JAMIROQUAI Automaton

di Francesco Sicheri
18 giugno 2017

recensione

JAMIROQUAI
Automaton
Universal
Al momento della sua presentazione Automaton è stato lanciato come il disco che tutti si aspettavano, ovvero un album di caratura superiore alla media. I Jamiroquai, e Jay Kay in particolare, non hanno mai avuto nulla a che fare con la mediocrità o con la consuetudine, ed infatti fin dal loro debutto hanno imposto sonorità che anche a distanza di anni sono in grado di affrontare lo scorrere del tempo con decisione.

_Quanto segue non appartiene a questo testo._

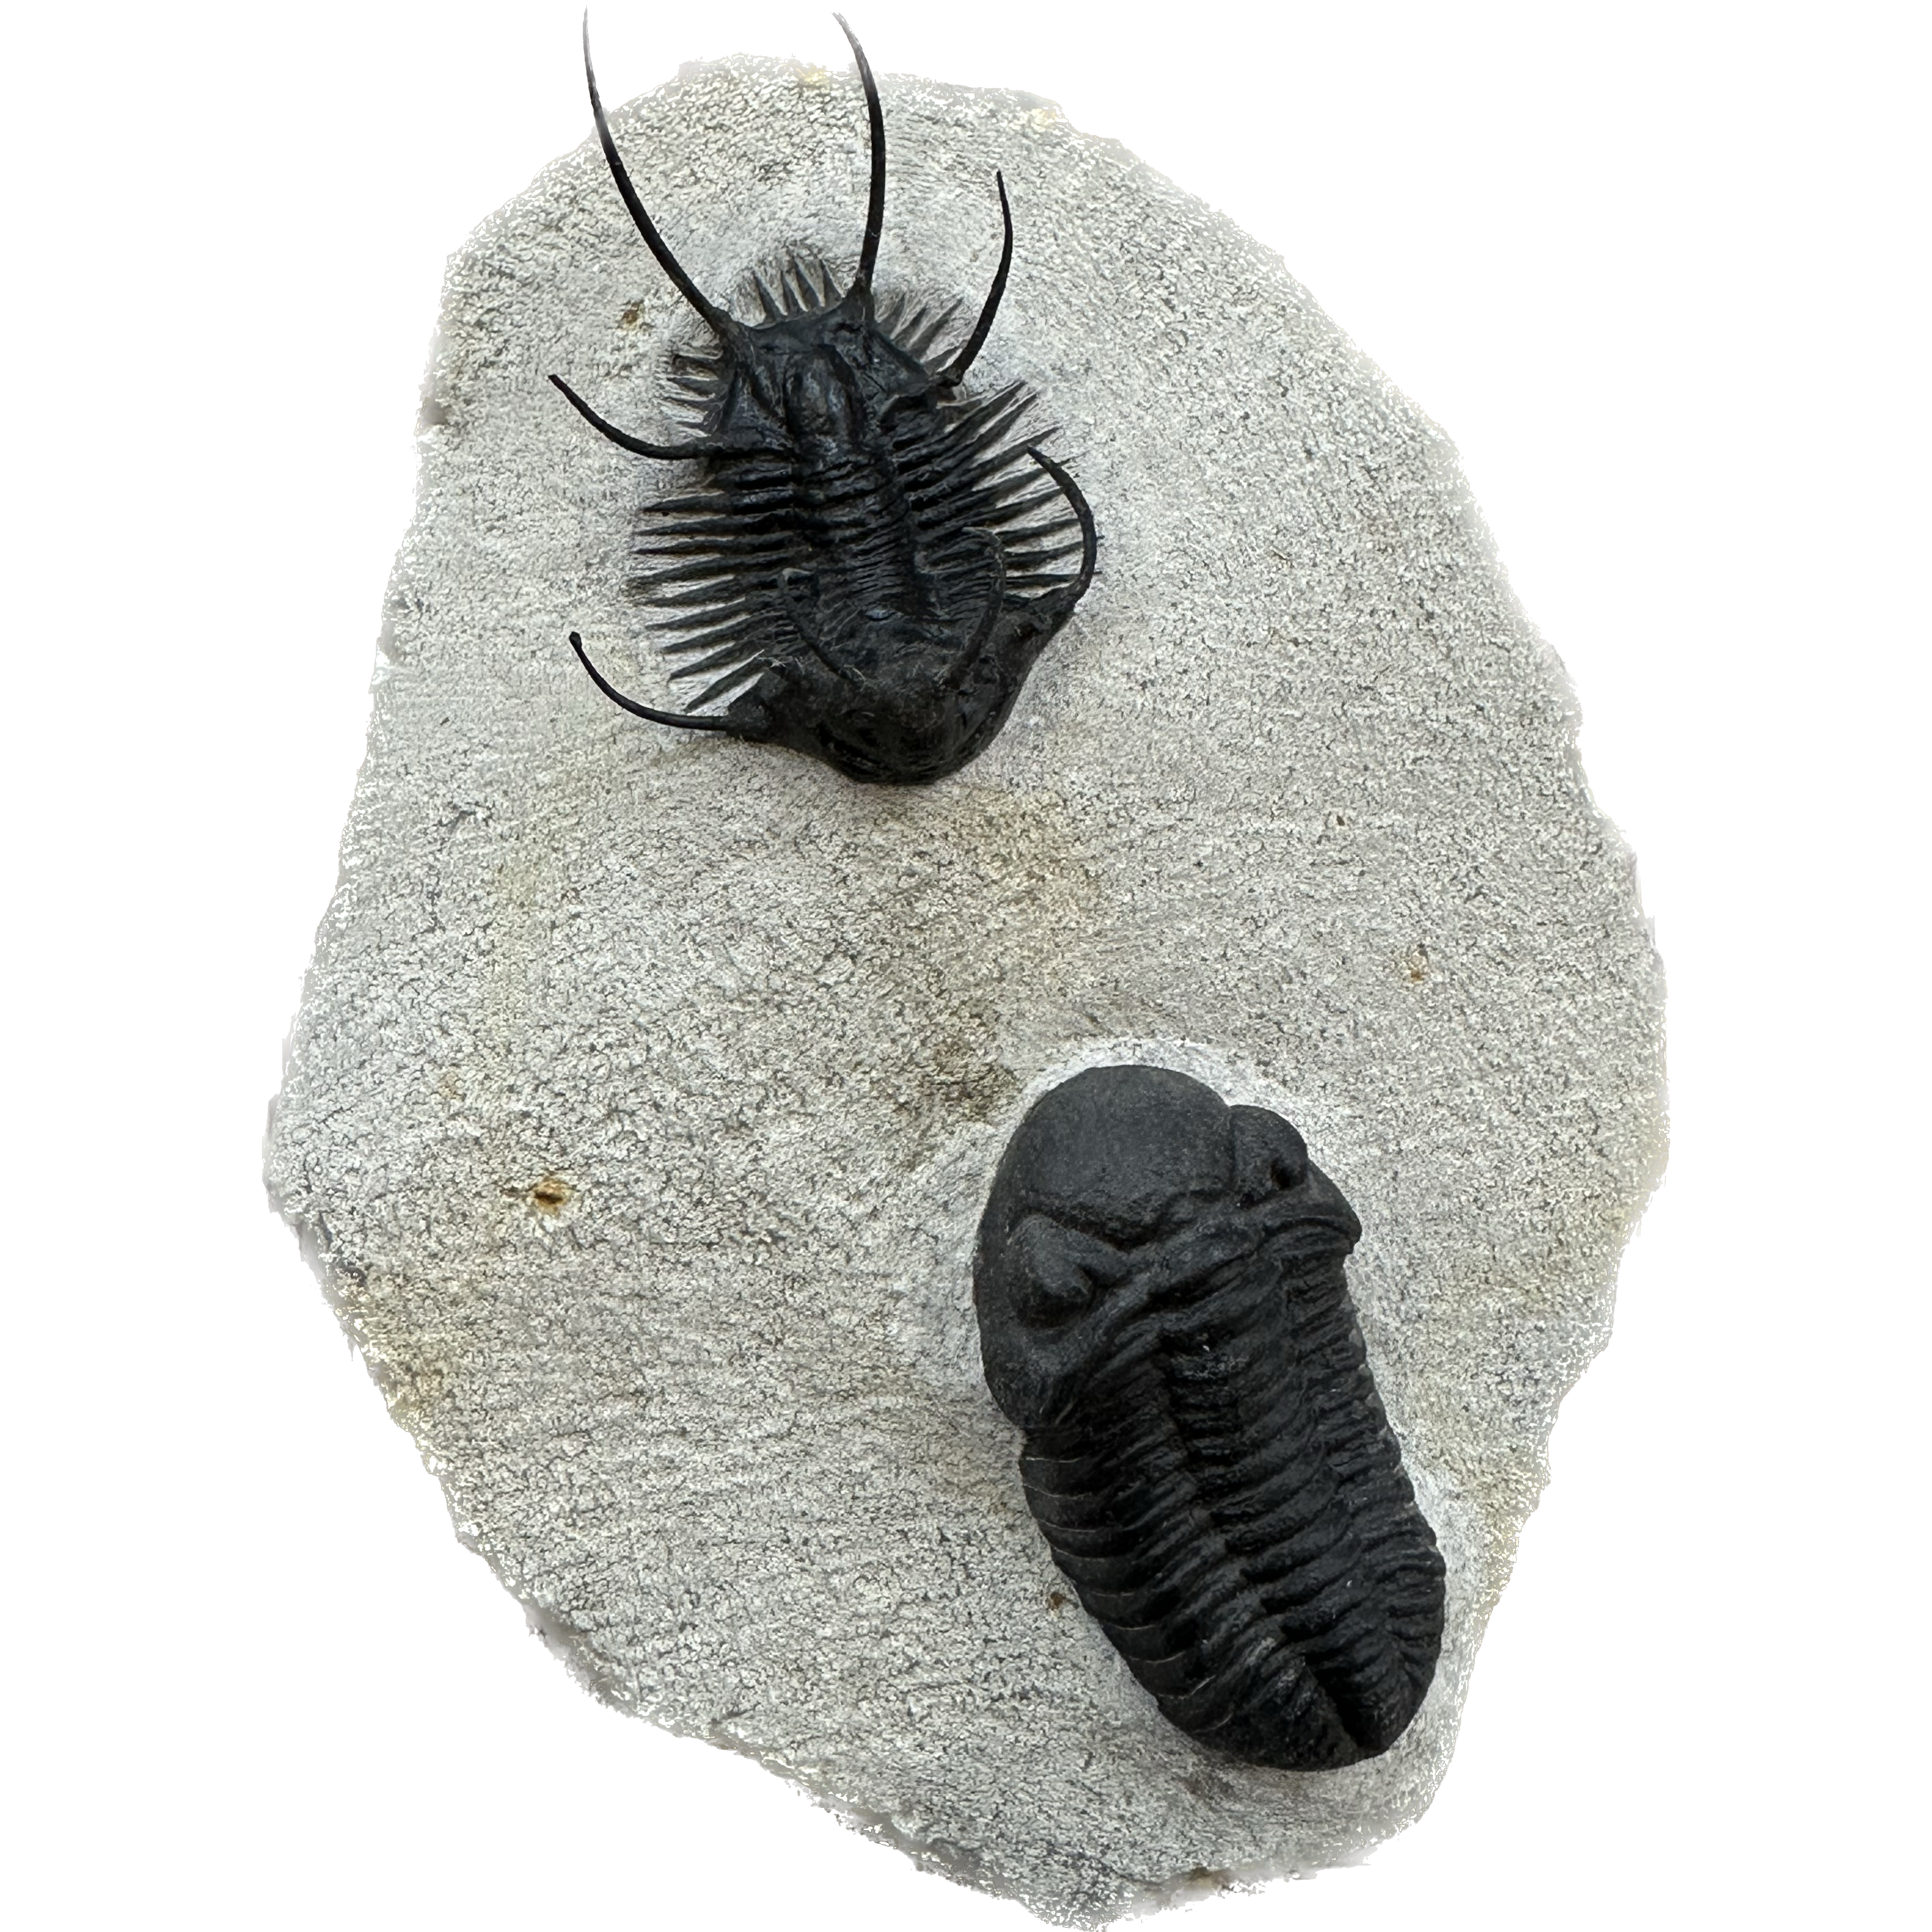 Devonian Trilobite Pair- Heavily restored but amazing Prehistoric Online

Quella di un sound inconfondibile è una delle prime qualità di chi osa, prova, e dismette i panni dell’esecutore per vestire quelli della ricerca artistica, ed i Jamiroquai hanno sempre fatto questo. L’unione di suono e immagine prodottasi in un turbine di incarnazioni diverse a seconda dell’occasione, ha creato un mondo esperienziale in grado di elevare la band ed il suo condottiero su di un piano separato dal resto del pianeta musica.

L’arrivo nei negozi di Automaton è quindi stato vissuto dagli addetti del settore, e dai fan, con il più che meritato grado di trepidazione, caratteristica che da sola nel 2017 potrebbe dirla lunga sull’importanza del gruppo.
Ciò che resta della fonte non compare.